[PATCH 2/5] drm/nouveau: add reservation to nouveau_gem_ioctl_cpu_prep

Wed Jan 22 07:09:51 PST 2014

On Wed, Jan 22, 2014 at 01:52:51PM +0100, Thomas Hellstrom wrote:
> On 01/22/2014 01:38 PM, Maarten Lankhorst wrote:
> > op 22-01-14 13:11, Thomas Hellstrom schreef:
> >> On 01/22/2014 11:58 AM, Maarten Lankhorst wrote:
> >>> op 22-01-14 11:27, Thomas Hellstrom schreef:
> >>>> On 01/22/2014 10:55 AM, Maarten Lankhorst wrote:
> >>>>> op 22-01-14 10:40, Thomas Hellstrom schreef:
> >>>>>> On 01/22/2014 09:19 AM, Maarten Lankhorst wrote:
> >>>>>>> op 21-01-14 18:44, Thomas Hellstrom schreef:
> >>>>>>>> On 01/21/2014 04:29 PM, Maarten Lankhorst wrote:
> >>>>>>>>> Hey,
> >>>>>>>>>
> >>>>>>>>> op 21-01-14 16:17, Thomas Hellstrom schreef:
> >>>>>>>>>> Maarten, for this and the other patches in this series,
> >>>>>>>>>>
> >>>>>>>>>> I seem to recall we have this discussion before?
> >>>>>>>>>> IIRC I stated that reservation was a too heavy-weight lock to
> >>>>>>>>>> hold to
> >>>>>>>>>> determine whether a buffer was idle? It's a pretty nasty
> >>>>>>>>>> thing to
> >>>>>>>>>> build in.
> >>>>>>>>>>
> >>>>>>>>> I've sent this patch after determining that this already didn't
> >>>>>>>>> end up
> >>>>>>>>> being heavyweight.
> >>>>>>>>> Most places were already using the fence_lock and reservation, I
> >>>>>>>>> just
> >>>>>>>>> fixed up the few
> >>>>>>>>> places that didn't hold a reservation while waiting.

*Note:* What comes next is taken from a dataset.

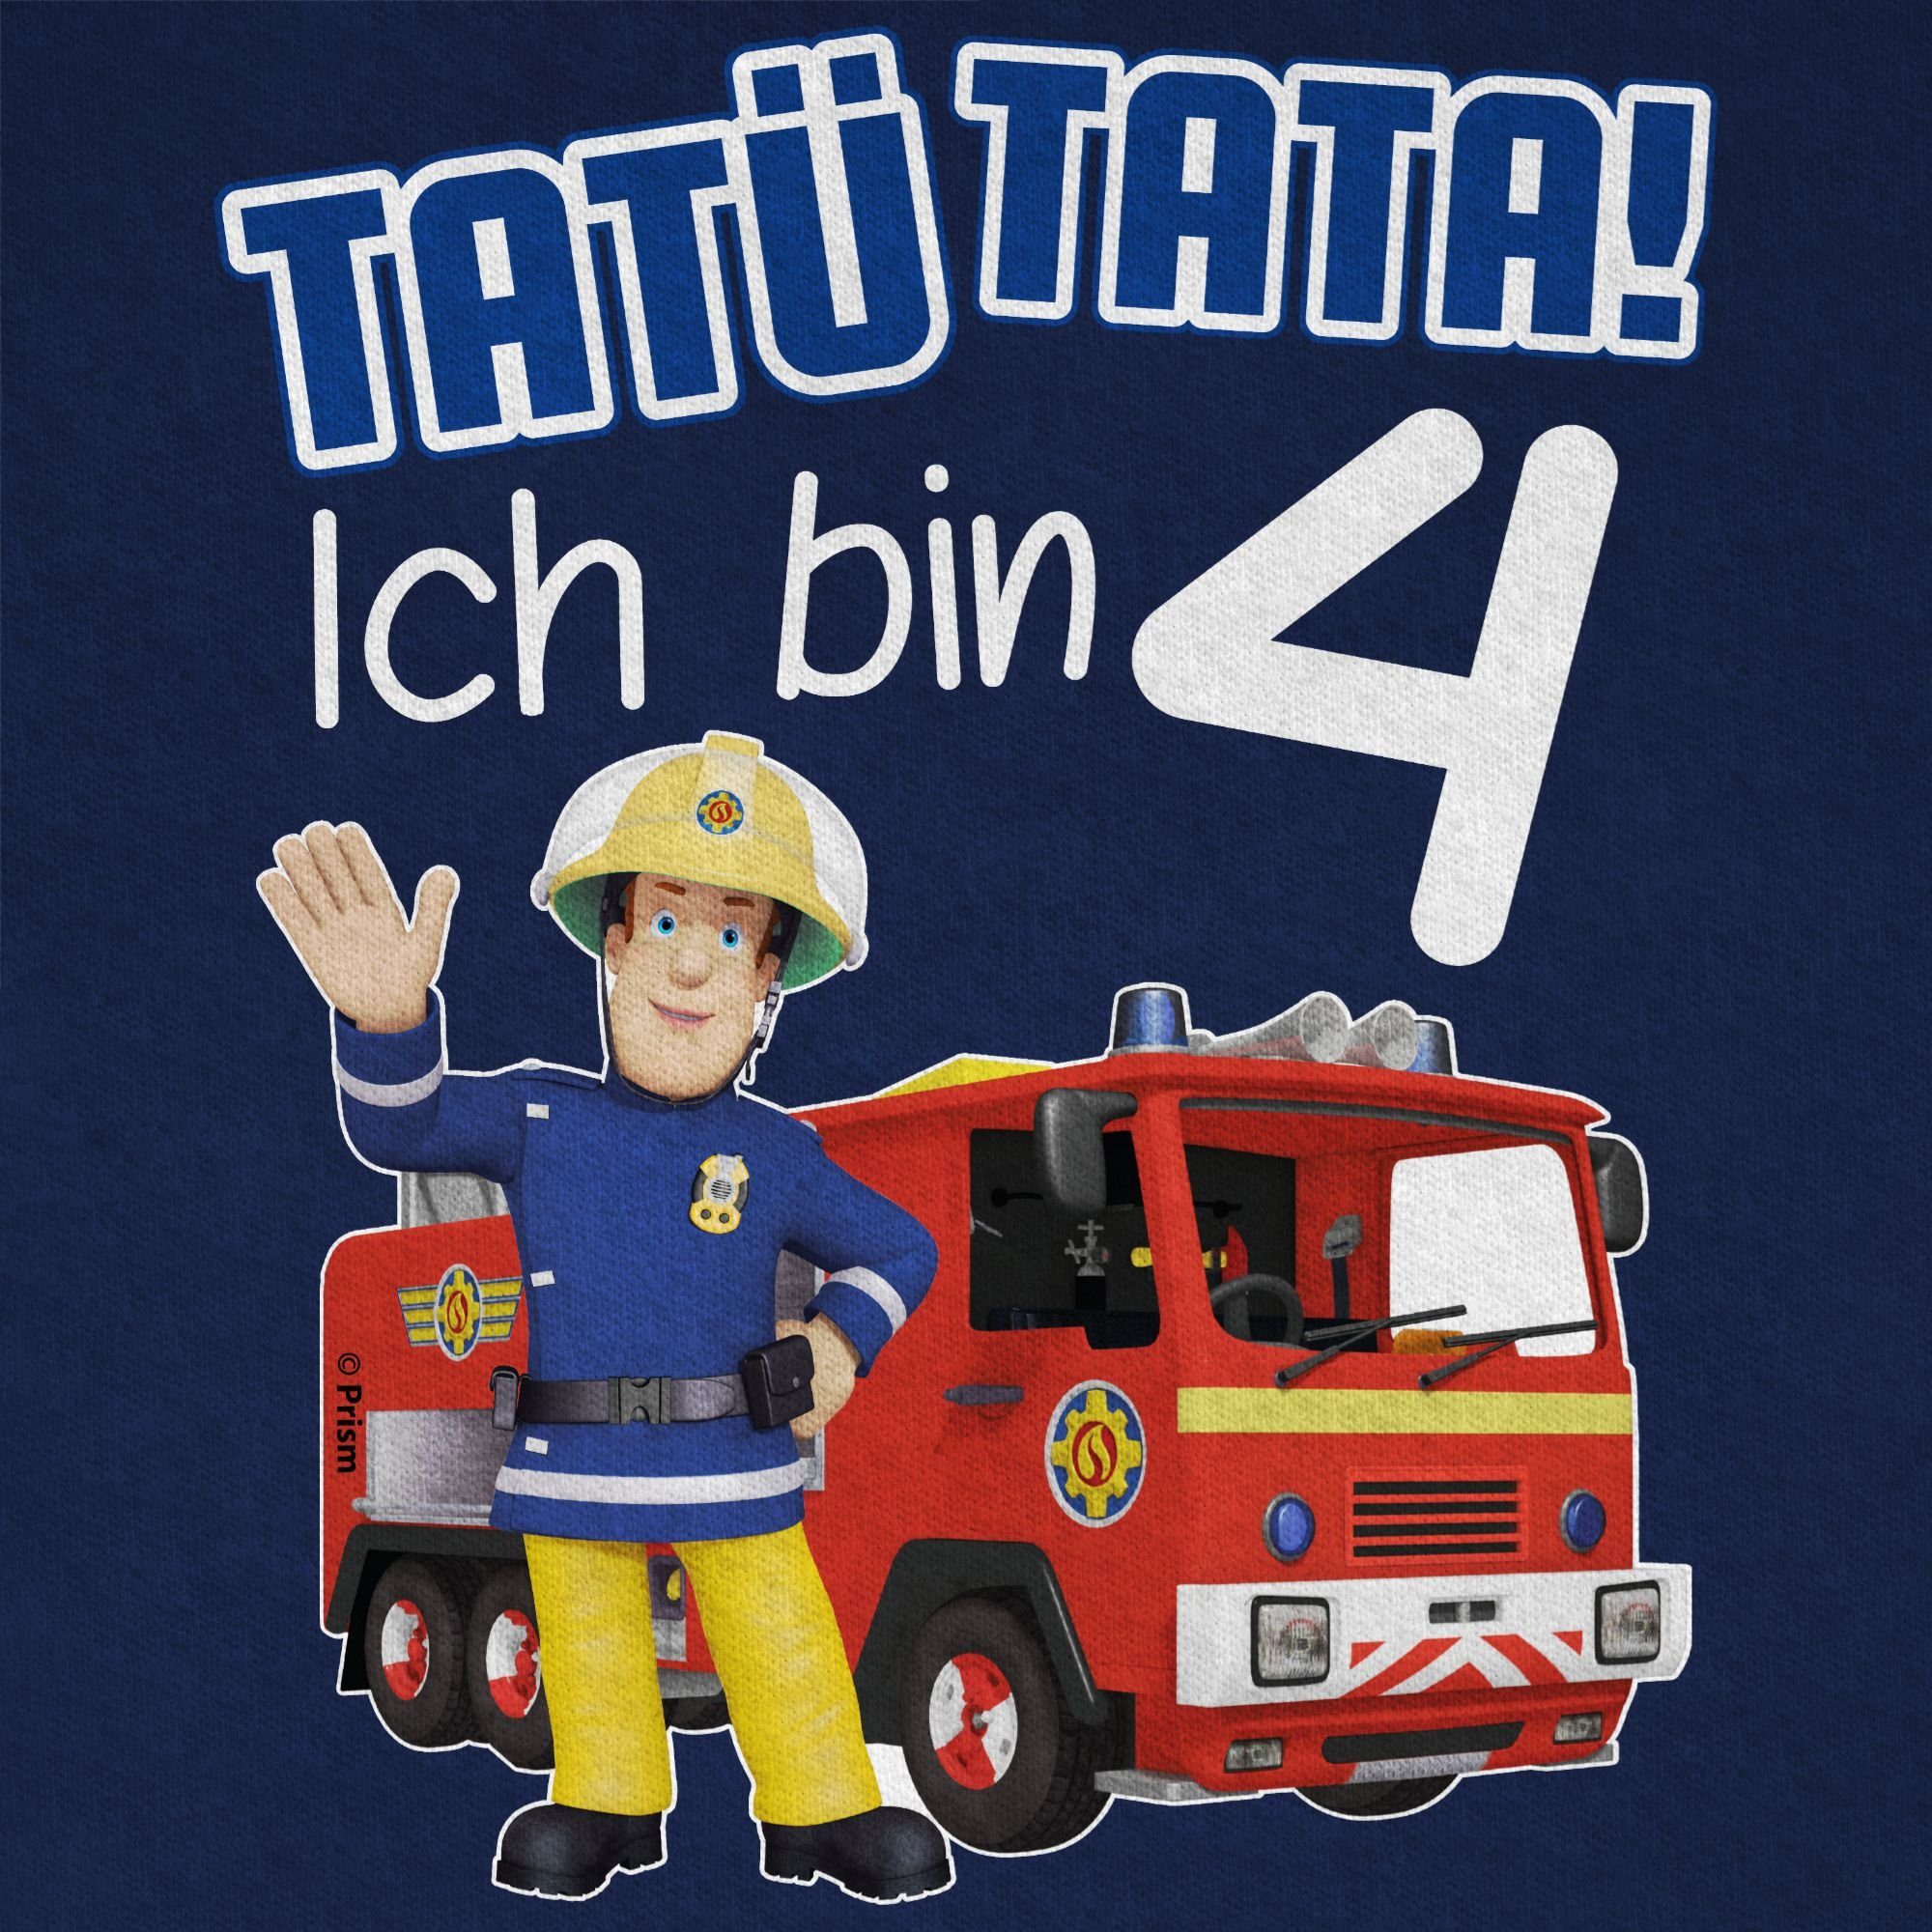 T-Shirt Feuerwehrmann Tatü Dunkelblau 4 bin Sam Shirtracer Ich Geburtstag Tata! Jungen 03

> >>>>>>>>> Converting the
> >>>>>>>>> few places that didn't
> >>>>>>>>> ended up being trivial, so I thought I'd submit it.
> >>>>>>>> Actually the only *valid* reason for holding a reservation when
> >>>>>>>> waiting
> >>>>>>>> for idle is
> >>>>>>>> 1) You want to block further command submission on the buffer.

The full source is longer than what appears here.